The market needs solutions to attract new retail liquidity, but significant barriers to entry for new retail capital remain unresolved. The main obstacles are: first, the public perceives that participating in the crypto market requires complex operational processes; second, there is a lack of accessible applications that truly understand the needs of Web 2 users. Web 2 retail users will not use complex wallets or transfer funds across multiple chains. What they need are products packaged in familiar ways, providing easy deposit channels and friendly experiences, just like Robinhood or Wealthsimple accounts.

Crypto mobile trading frontends are the solution—they package products in traditional financial ways familiar to Web 2 users, fundamentally eliminating the cognitive barriers of crypto complexity and lowering participation barriers. This is the only effective way for cryptocurrencies to break out of the Web 3 circle and gain mainstream exposure.

3. Compared to Web 3 business models, there is a real revenue model with sustainable scale effects and extremely low expansion costs.
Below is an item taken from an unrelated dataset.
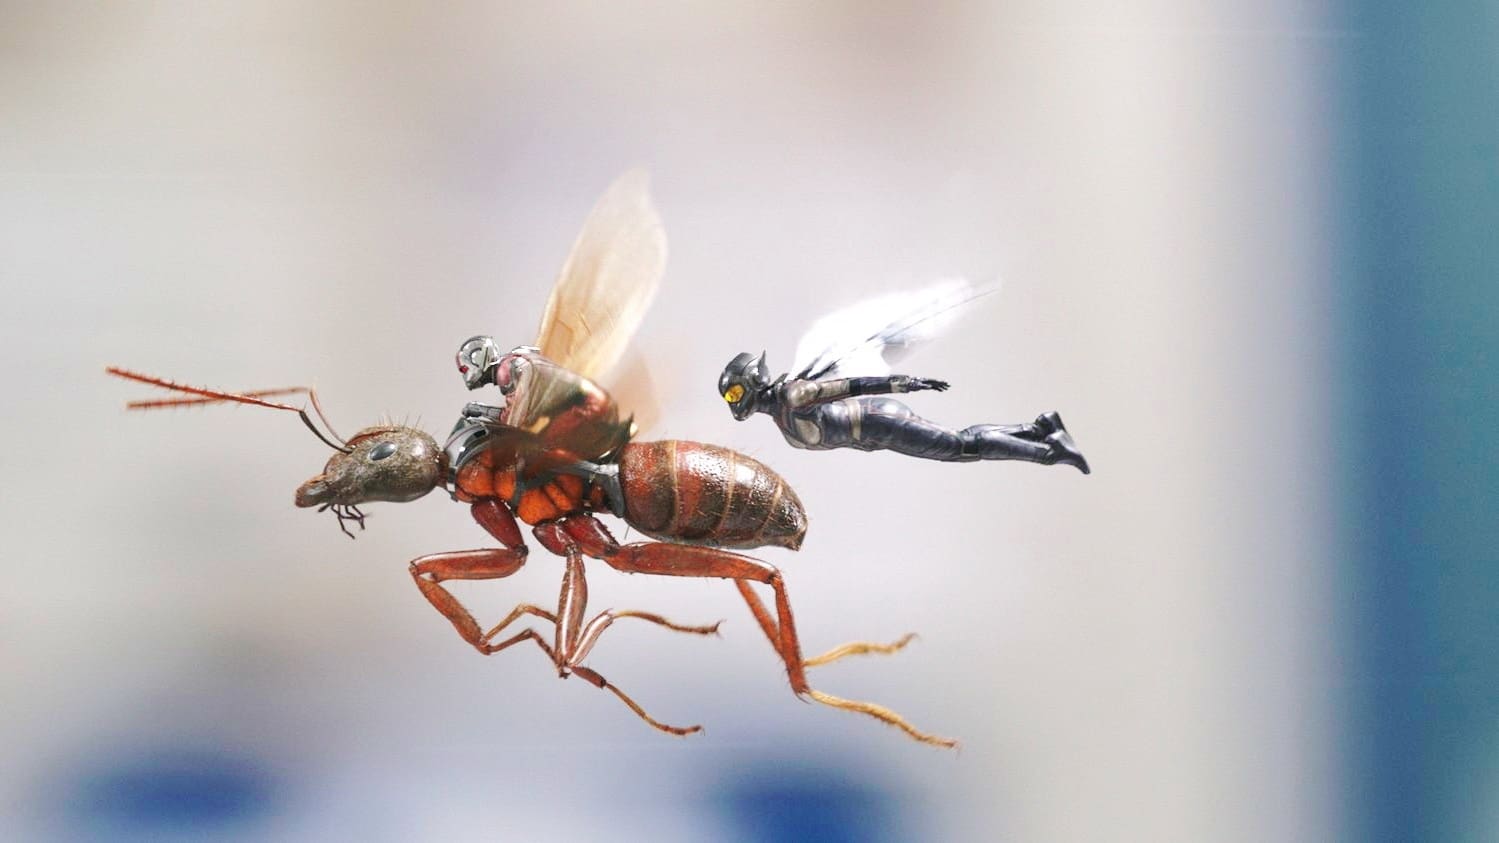 ადამიანი - ჭიანჭველა და კრაზანა (2018)

Cryptocurrency mobile trading frontends mark the beginning of a new generation of applications in the Web 3 market—a more sustainable and compliant development path. Unlike previous traditional crypto products (whether infrastructure or DApps), most projects in the past did not focus on scale expansion or revenue generation, as this was not the core incentive direction. The North Star metric for most founders was to acquire initial users at any cost, regardless of how inefficient or extractive their growth funnel was, then raise venture capital, lock up tokens through OTC sales, or wait for vesting periods to end without improving the product. Typical examples include: Story Protocol ($IP), Blast, Sei Network ($SEI).
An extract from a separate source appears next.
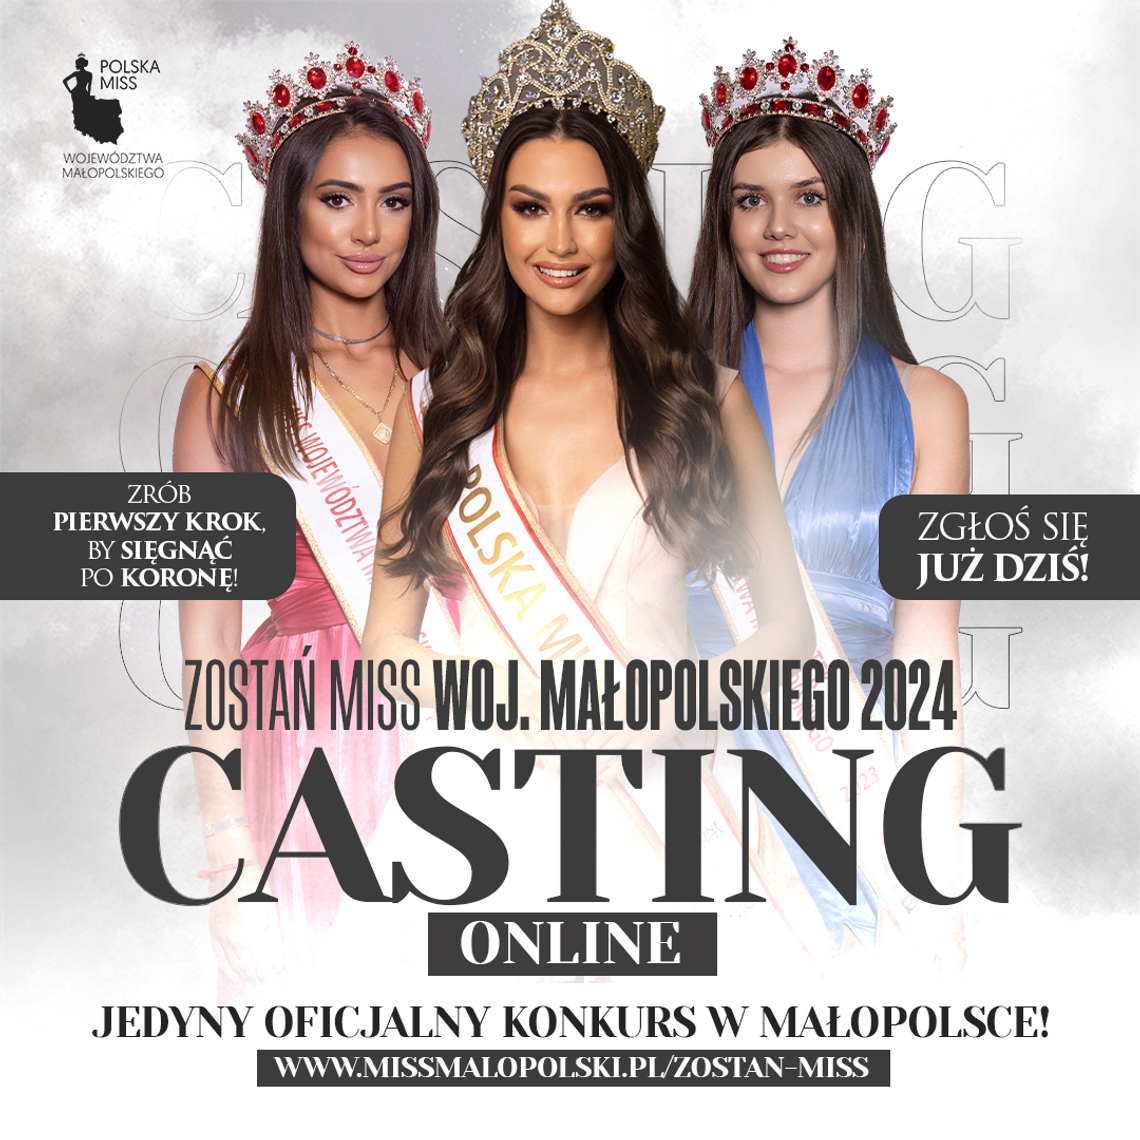 Trwa casting do konkursu Miss Województwa Małopolskiego 2024

In contrast, crypto mobile trading frontends adopt the opposite strategy: optimizing scale using existing infrastructure, generating revenue first, and refinancing when necessary. By becoming aggregators of different products and adopting a base fee structure, these frontends have a structural advantage to integrate multiple verticals at extremely low costs while focusing on user experience interfaces to enhance user acquisition and retention rates. This combination means they can generate revenue from day one and achieve exponential growth as operations continue. The end result builds a more sustainable real business layer and value layer for Web 3, replacing the past extractive models. This will bring increasing credibility to the entire Web 3 industry.